Re: Just goes to prove [timothyamiller]
by vchiu on Sun Jul 27 06:49:27 PDT 2008
>The idea that man is responsible for the change in global temperature is horrible science based on flawed interpretation of climatic data. I won't elaborate any further about the ideas that I already posted in response to Tidester but I will add some comments to some questions I did not address. > We have, over the last 10 to 15 years experienced a period of high sunspot activity - which has ALWAYS resulted in warming on earth. I would welcome a support for both statements. It does not like this looking from this http://en.wikipedia.org/wiki/Image:Sunspot-number.png. Whereas the graphs I previously linked to a clear and unprecedented (over a period of 1000 years) temperature increase. I don't see the increase is happening after the the CO2 output increase. >Because as temperature rises the ocean cannot contain as much dissolved Carbon Dioxide and releases it into the atmosphere You have to factor in the phytoplankton which is also absorbing CO2. The ocean is much more complex than a bottle of carbonated water. Do you have link to studies showing a measurable increase in CO2 rejection from the ocean ? >an increase in atmospheric CO2 would be a good thing . . . it would lead to more fruit and vegetables . . . plants love more CO2. Provided that we stop deforestation. CO2 is a result of a scissors crisis. Man made CO2 output increasing in volumes and CO2 traps such as trees are decreasing in number. The result is pretty obvious Here is a piece of what it could cost. Can't be right, can it ? http://www.sciencedaily.com/releases/2008/07/080723134445.htm >but please get the story straight first. I am working hard on it.
Re: Just goes to prove [vchiu]
by tidester on Fri Jul 25 22:01:11 PDT 2008
That is the key question. Incidentally I did not find any study showing that air vapor increased globally. You probably won't find such a study because you and Kernick are asking the wrong question. It's not the amount of water vapor that matters. You should be focusing on cloud formation. There are (obviously) several factor that affect cloud formation including the usual meteorological suspects but cosmic rays apparently also affect both the formation of clouds and where (elevation) they are formed.
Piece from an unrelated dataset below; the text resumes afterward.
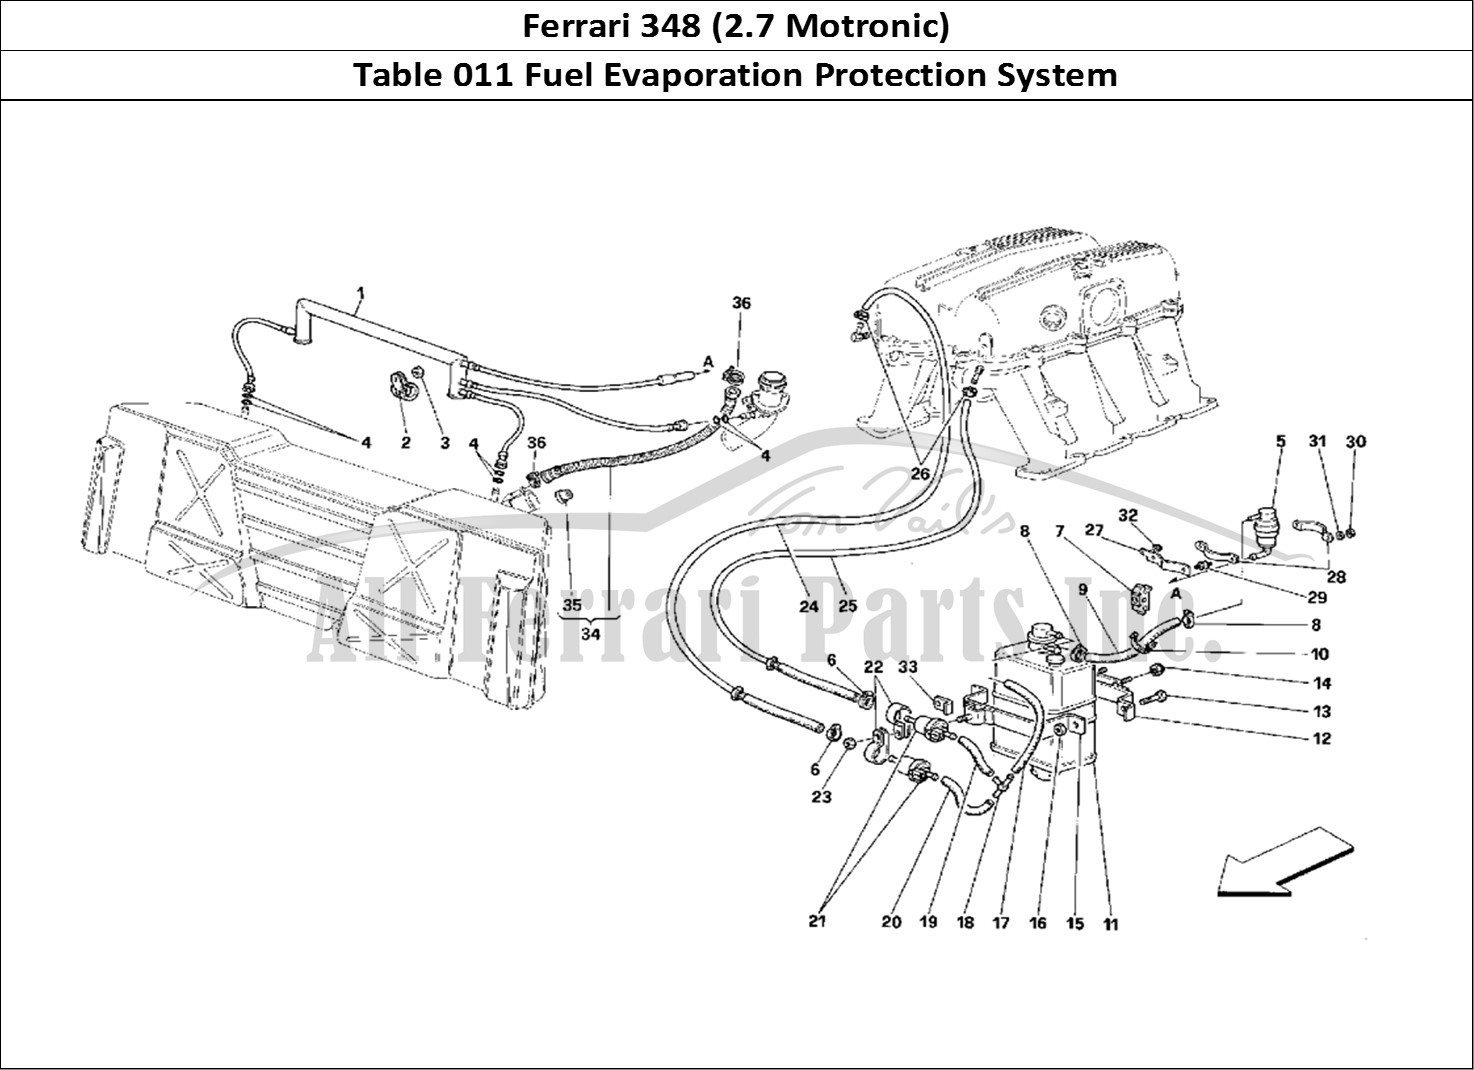 Ferrari Parts Ferrari 348 (2.7 Motronic) Page 011 Antievaporation Device

That's the link to the Sun. The basic idea is that when the Sun is active (i.e. lots of sunspots) the magnetic field that it projects out into the Solar System is at its strongest. During those periods, the Earth has added protection or shielding from cosmic rays (highly energetic charged particles). When the Sun is "quiet" its magnetic field is weakest and we have less protection. Cosmic rays can trigger condensation in the atmosphere leading to cloud formation (think of those cloud chambers you may have heard about in Phys 101). For most (but not all!) of the 20th century, the Sun has been fairly active implying reduced cosmic ray flux into the atmosphere. Some think this resulted in reduced cloud formation and is what led to the unusual warming over that period. Currently (over the last ten years give or take), the Sun seems to be entering a quiet phase suggesting increased cosmic ray flux and, therefore, more cloud cover. And, perhaps not so coincidentally, the warming trend seems to have been halted over the past decade.